Exercise aim: An exact transcription of all the data is required, with every image removed.

Data section:
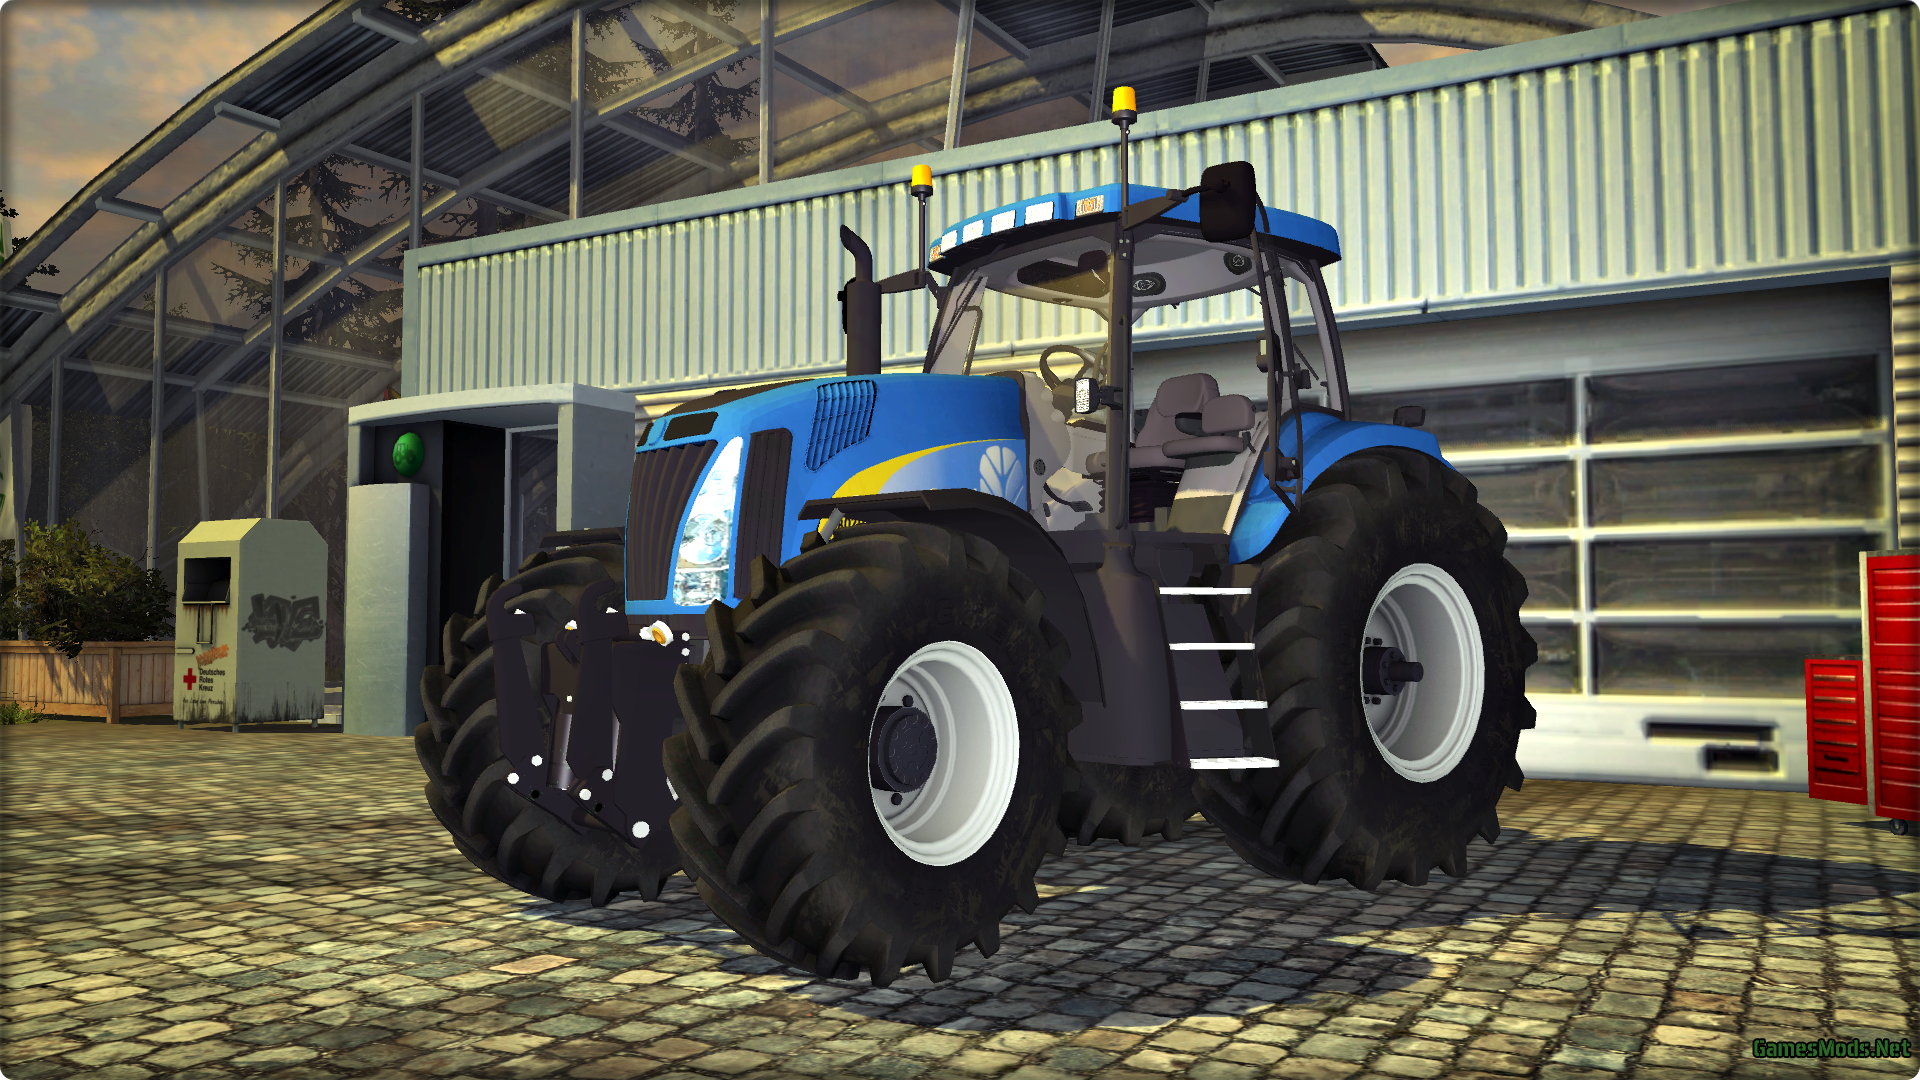 Farming simulator 2013 » Page 33
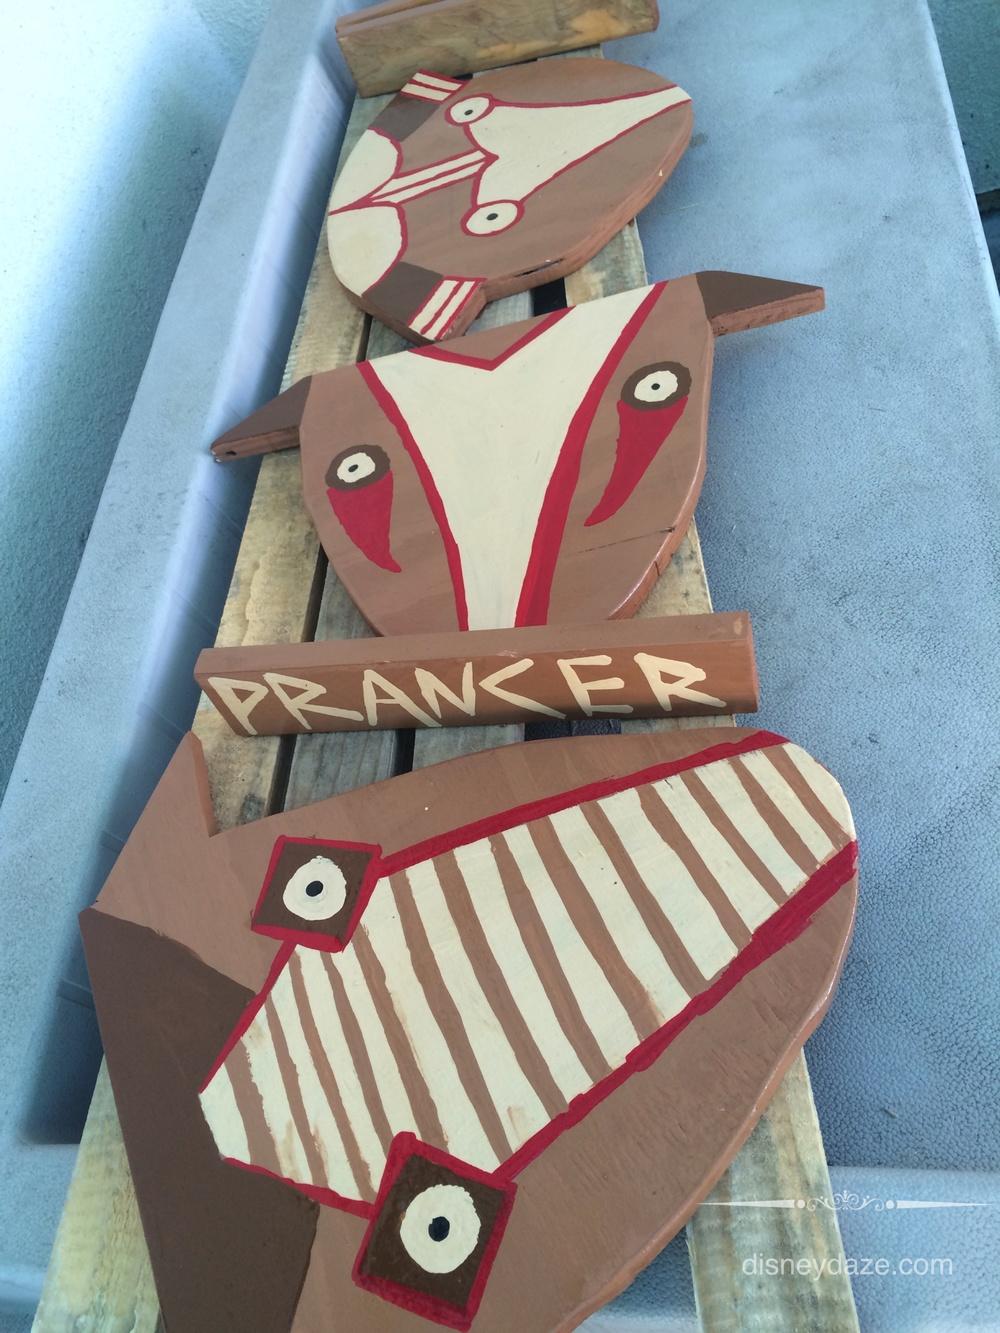 Disneyland Inspired Christmas Decorations: Part 2 - Tiki Reindeers ...
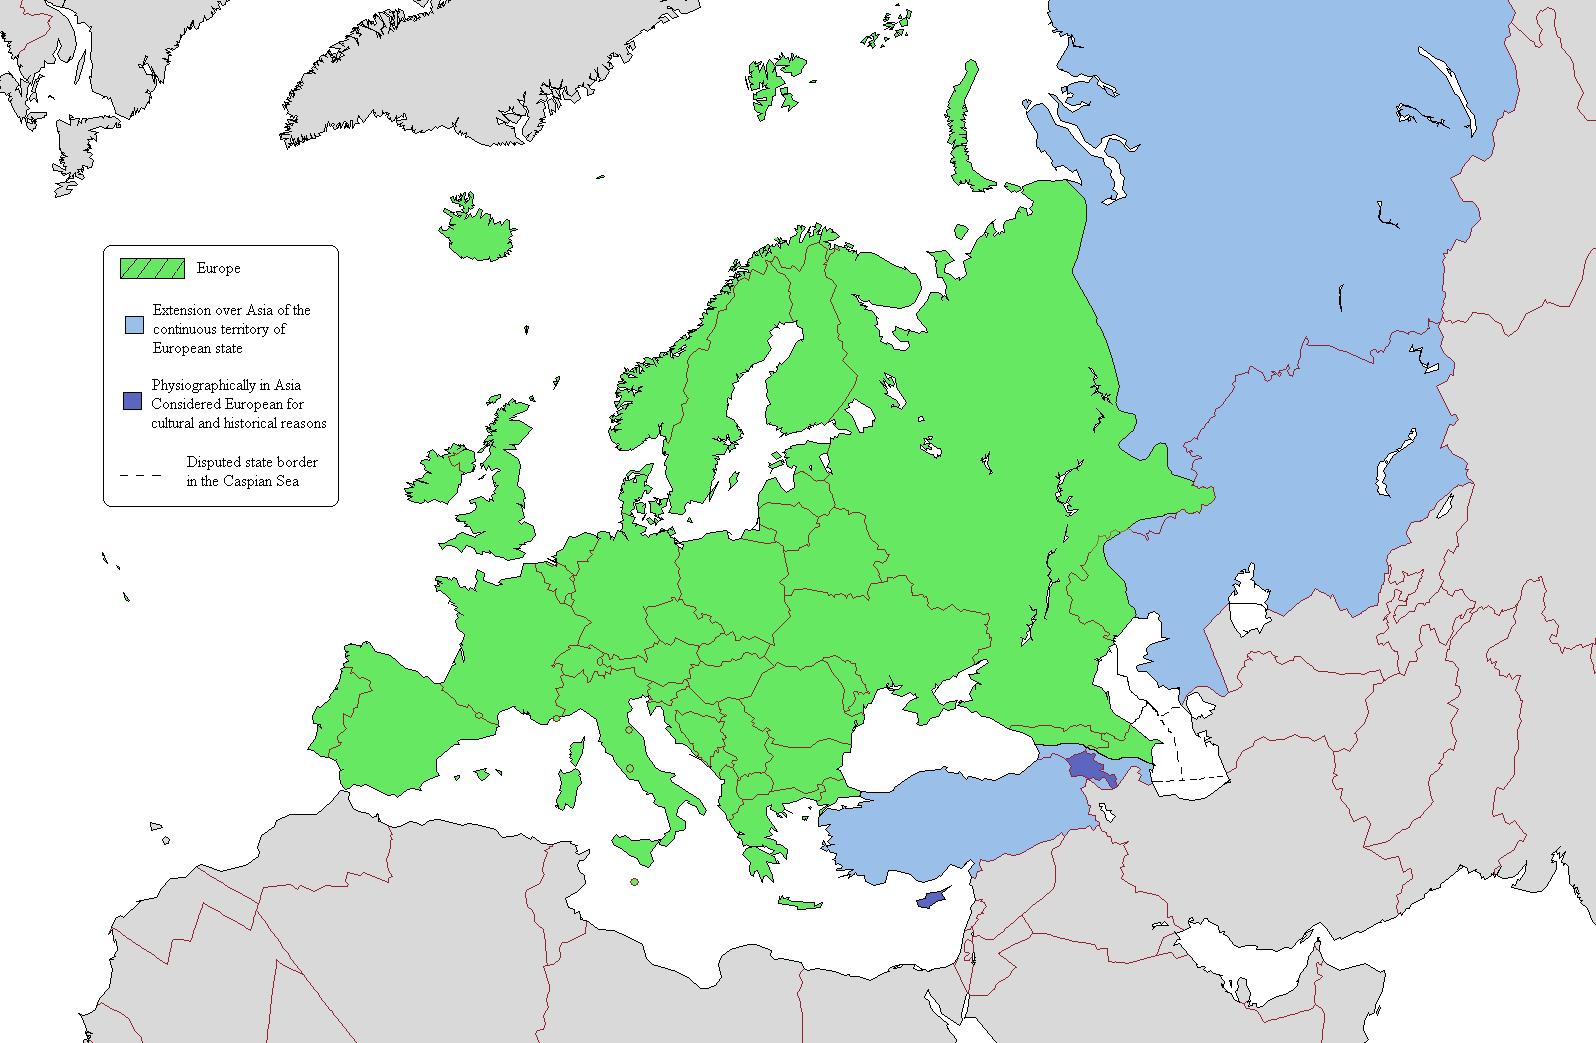 Fileeurope political mapg wikimedia commons fileeurope political mapg gumiabroncs Choice Image

Response below:
 Farming simulator 2013 » Page 33
 Disneyland Inspired Christmas Decorations: Part 2 - Tiki Reindeers ...
 Fileeurope political mapg wikimedia commons fileeurope political mapg gumiabroncs Choice Image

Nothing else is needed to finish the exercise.